### DIRECTIONS FOR THIS TASK
Once you reach the line containing "للجادين فقط ..", return it and every line after it exactly, through the end of the records below, with no pictures.
EXERCISE MATERIALS below:
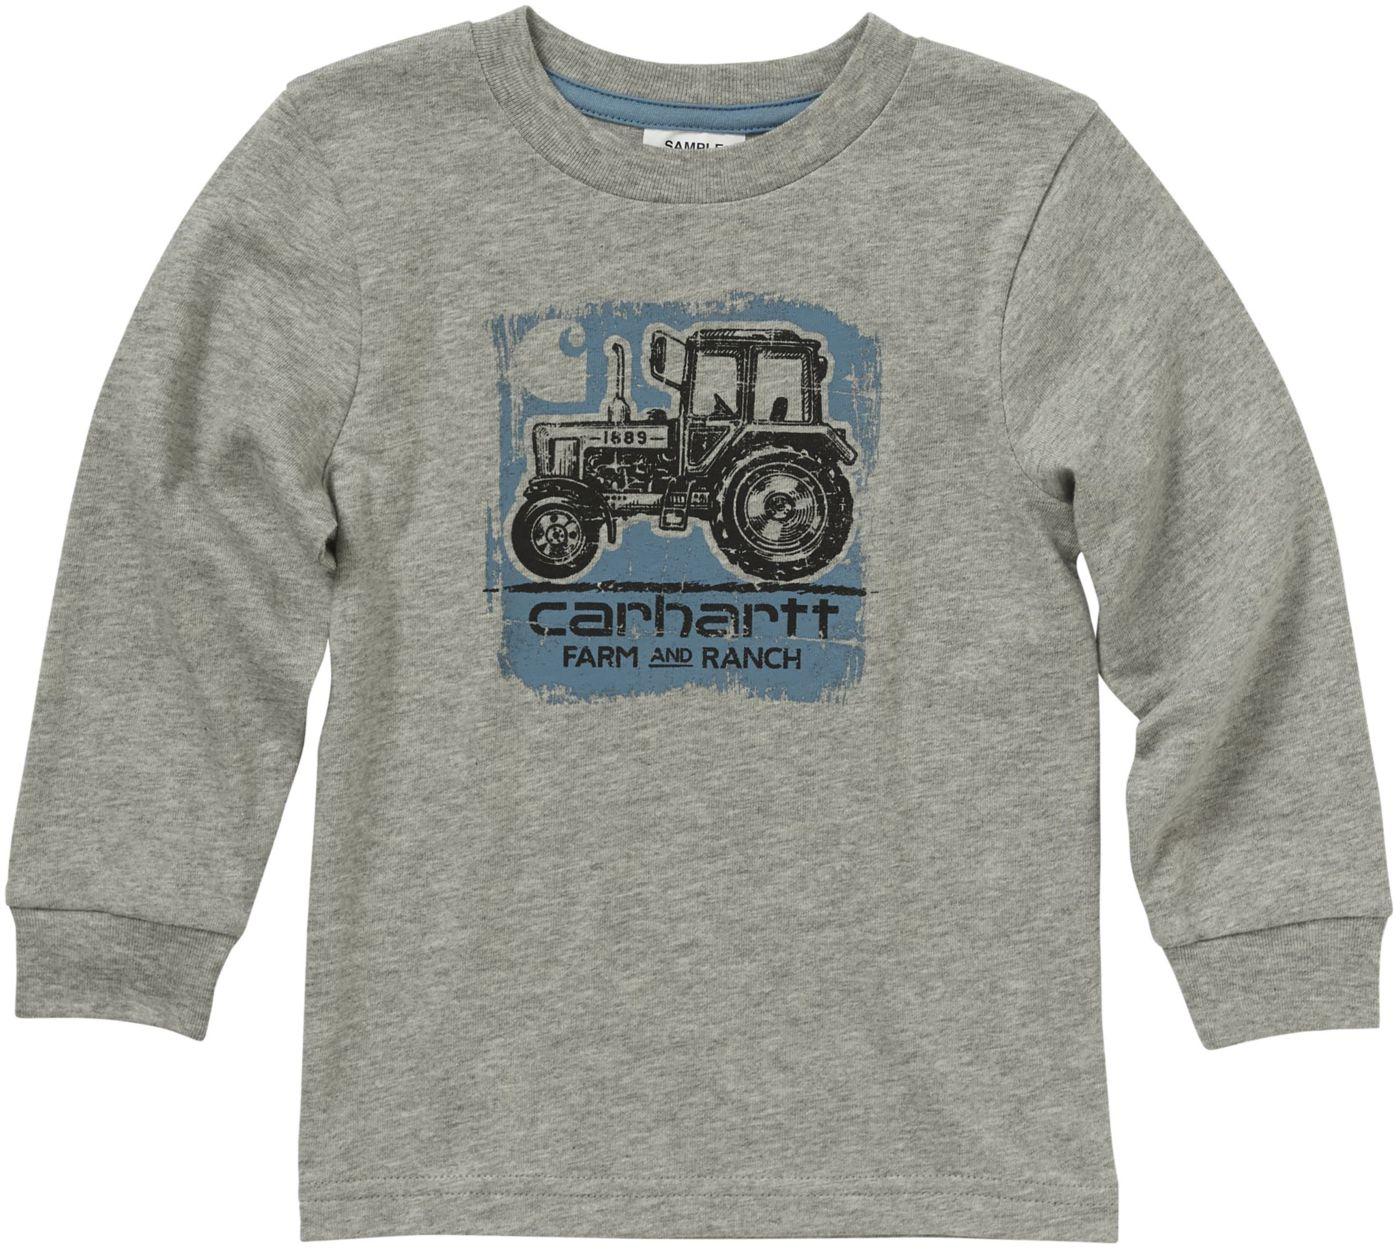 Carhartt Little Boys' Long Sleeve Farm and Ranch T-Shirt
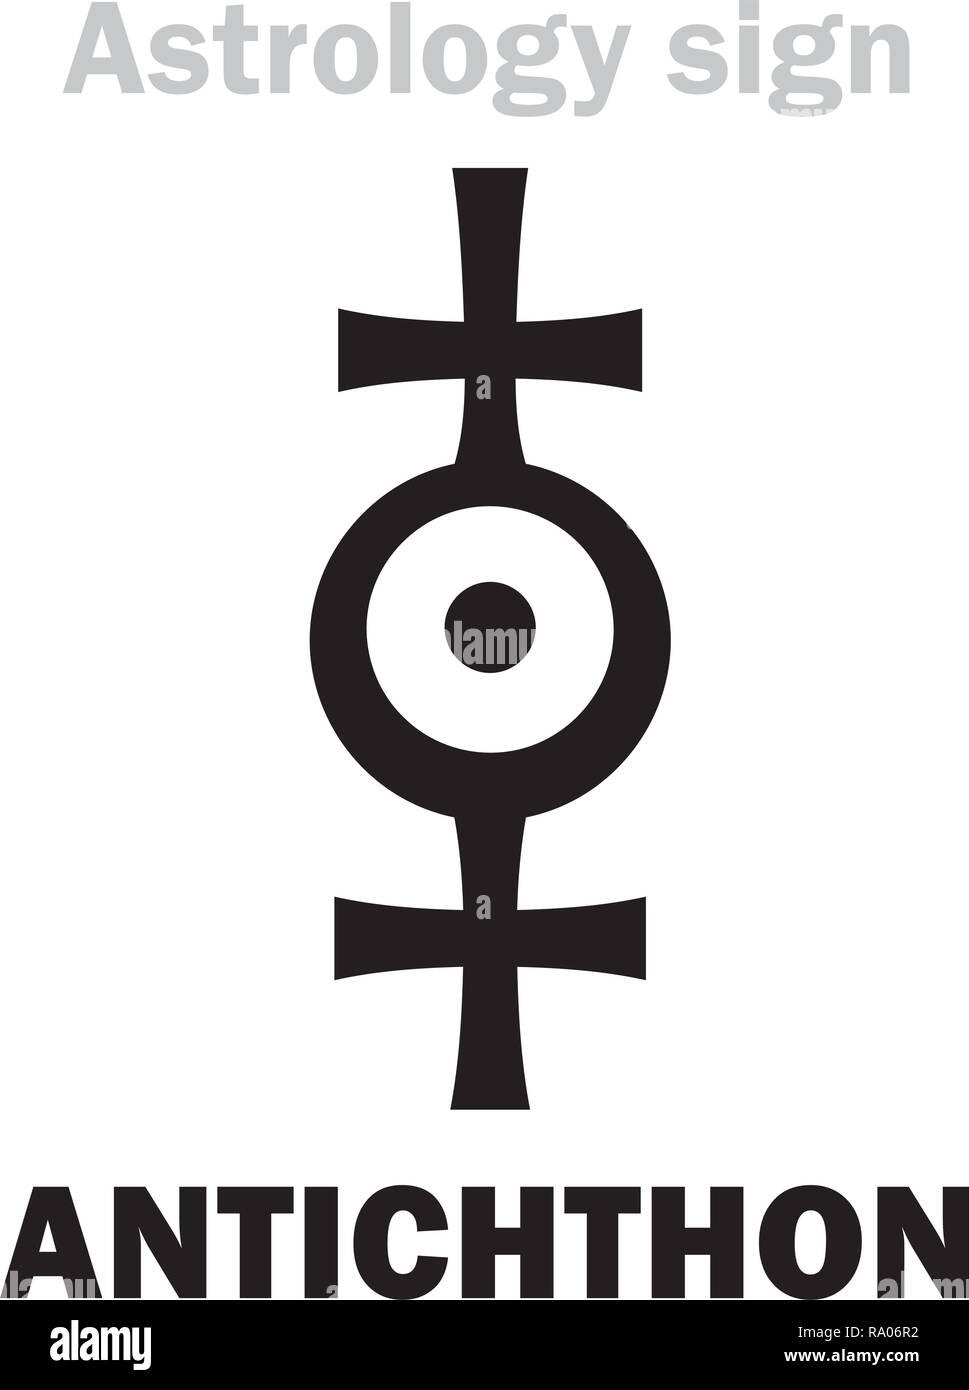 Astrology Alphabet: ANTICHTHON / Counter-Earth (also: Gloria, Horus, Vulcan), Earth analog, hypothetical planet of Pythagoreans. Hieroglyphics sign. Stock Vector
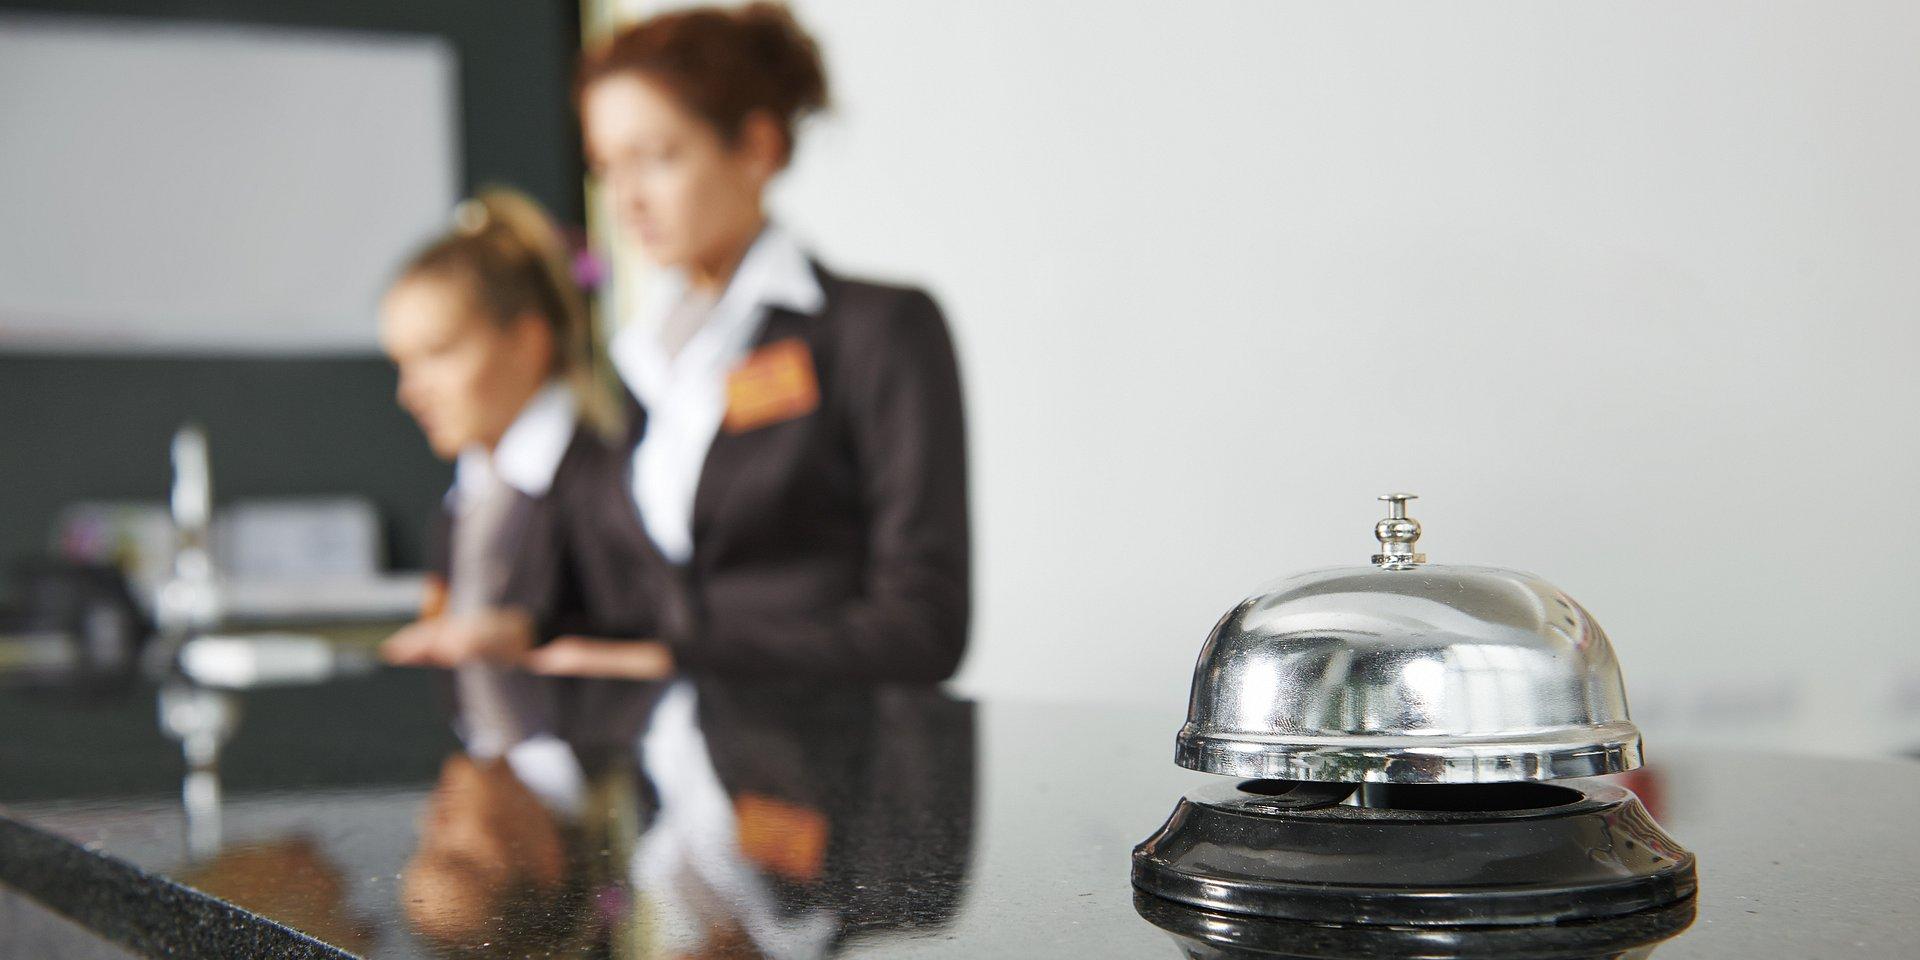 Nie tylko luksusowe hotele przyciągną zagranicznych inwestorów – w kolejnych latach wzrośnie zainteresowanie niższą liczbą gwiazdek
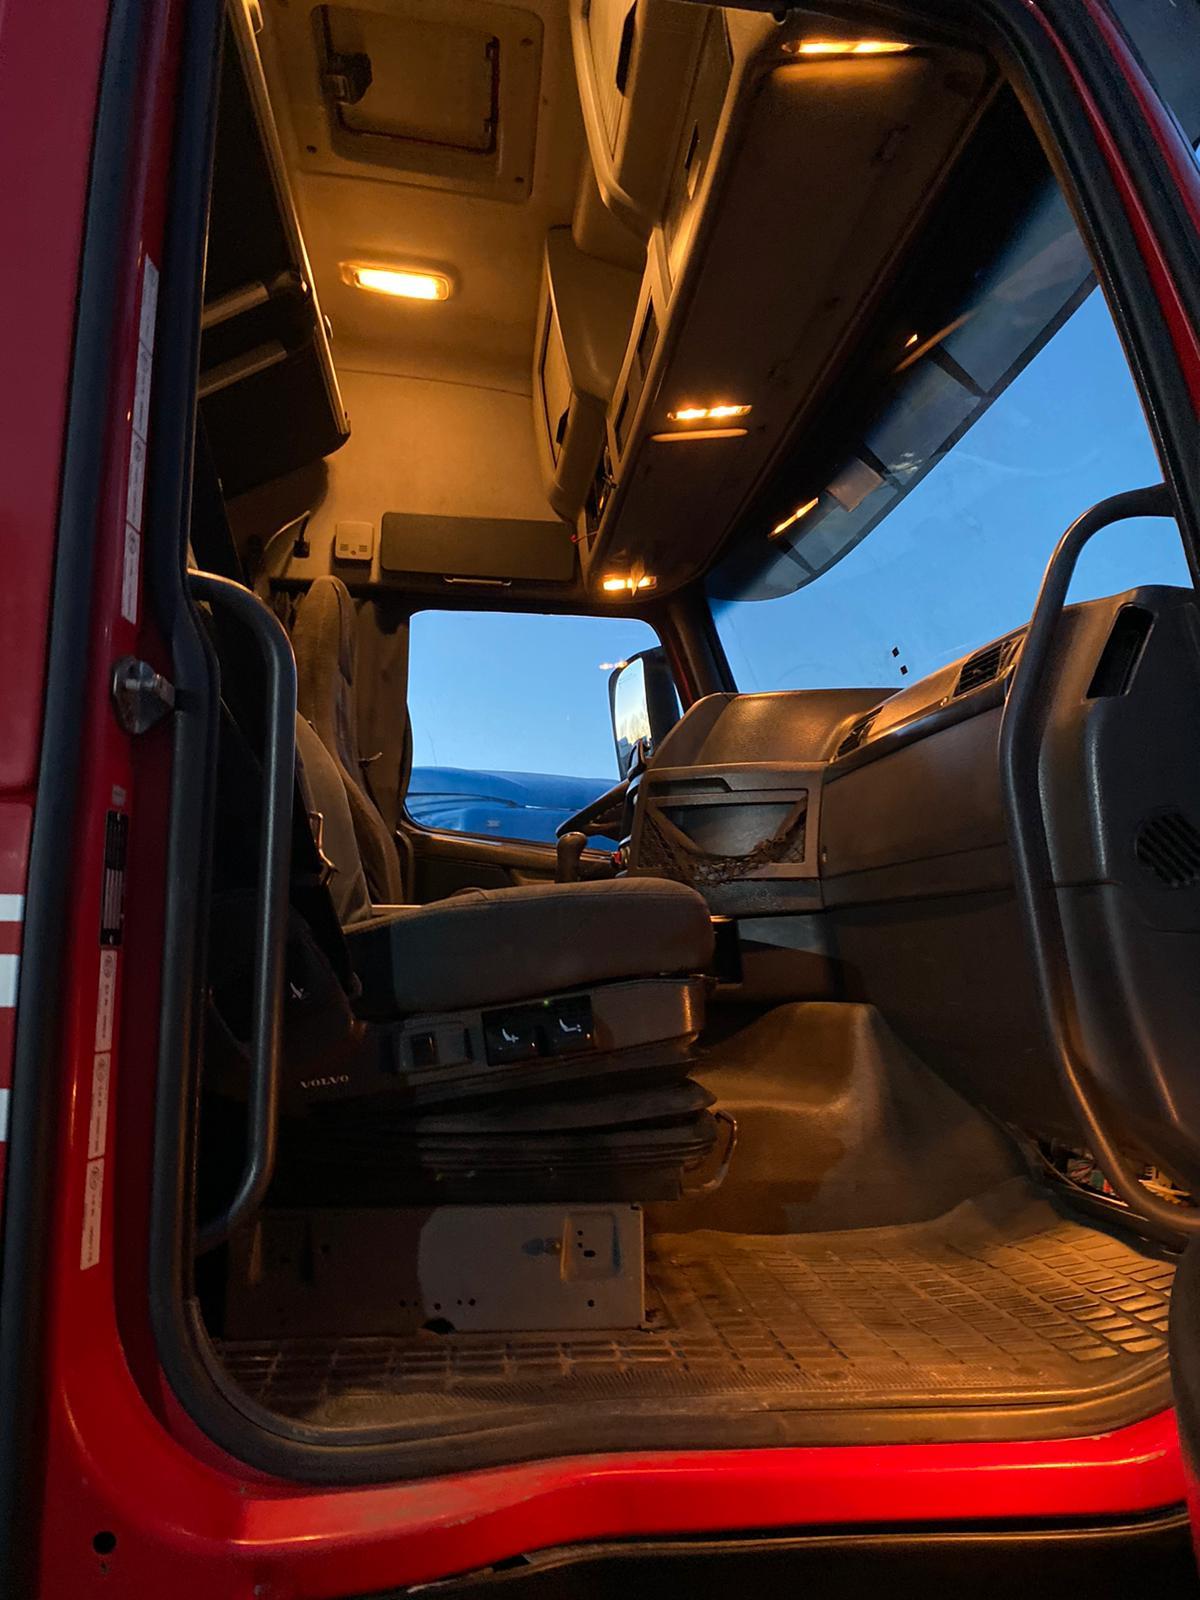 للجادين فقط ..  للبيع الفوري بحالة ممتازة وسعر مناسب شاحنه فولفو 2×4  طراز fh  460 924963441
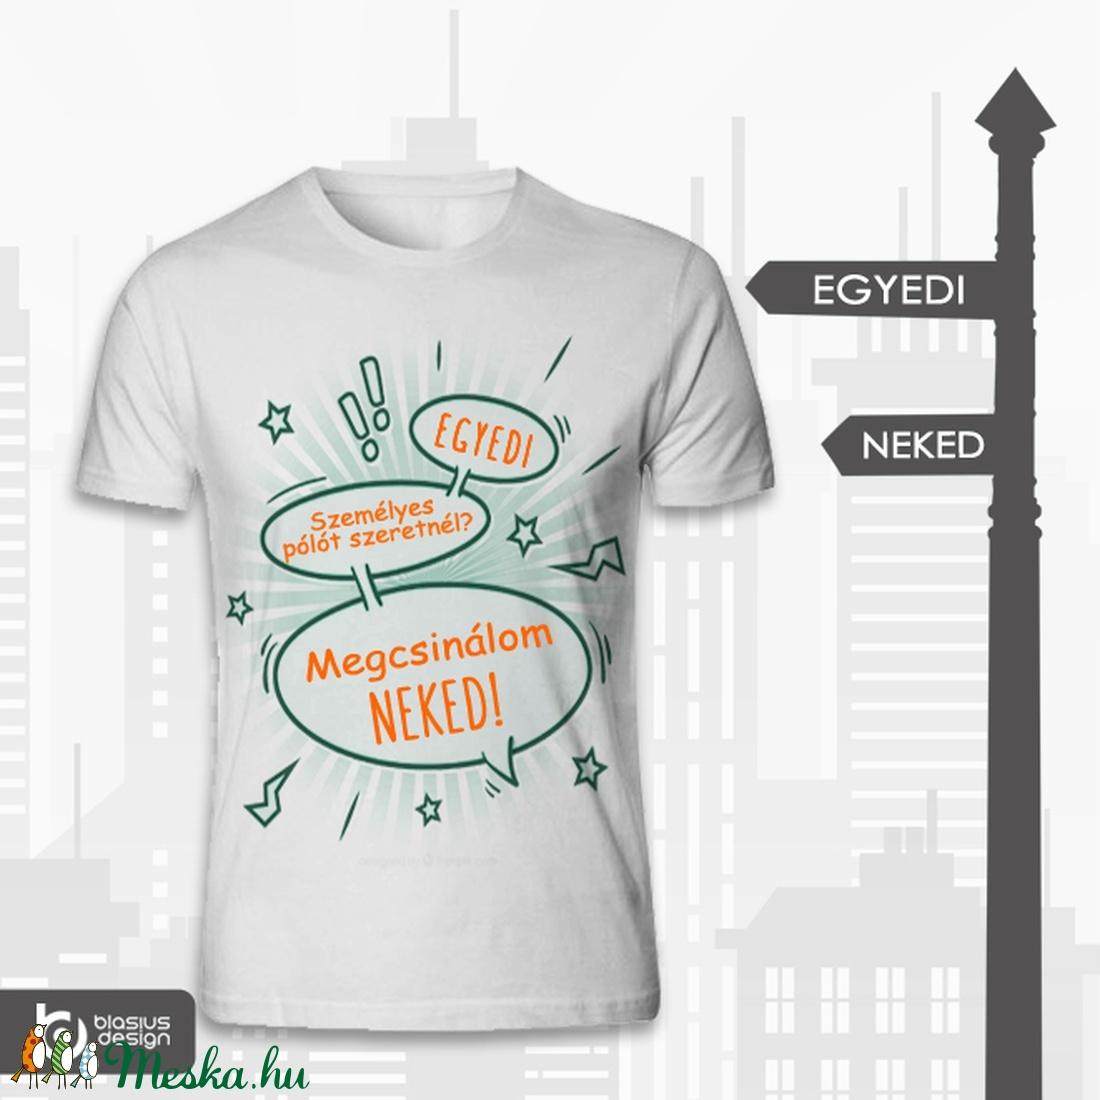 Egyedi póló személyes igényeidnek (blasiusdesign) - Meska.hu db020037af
End of EXERCISE MATERIALS.
### ANSWER
 للجادين فقط ..  للبيع الفوري بحالة ممتازة وسعر مناسب شاحنه فولفو 2×4  طراز fh  460 924963441
 Egyedi póló személyes igényeidnek (blasiusdesign) - Meska.hu db020037af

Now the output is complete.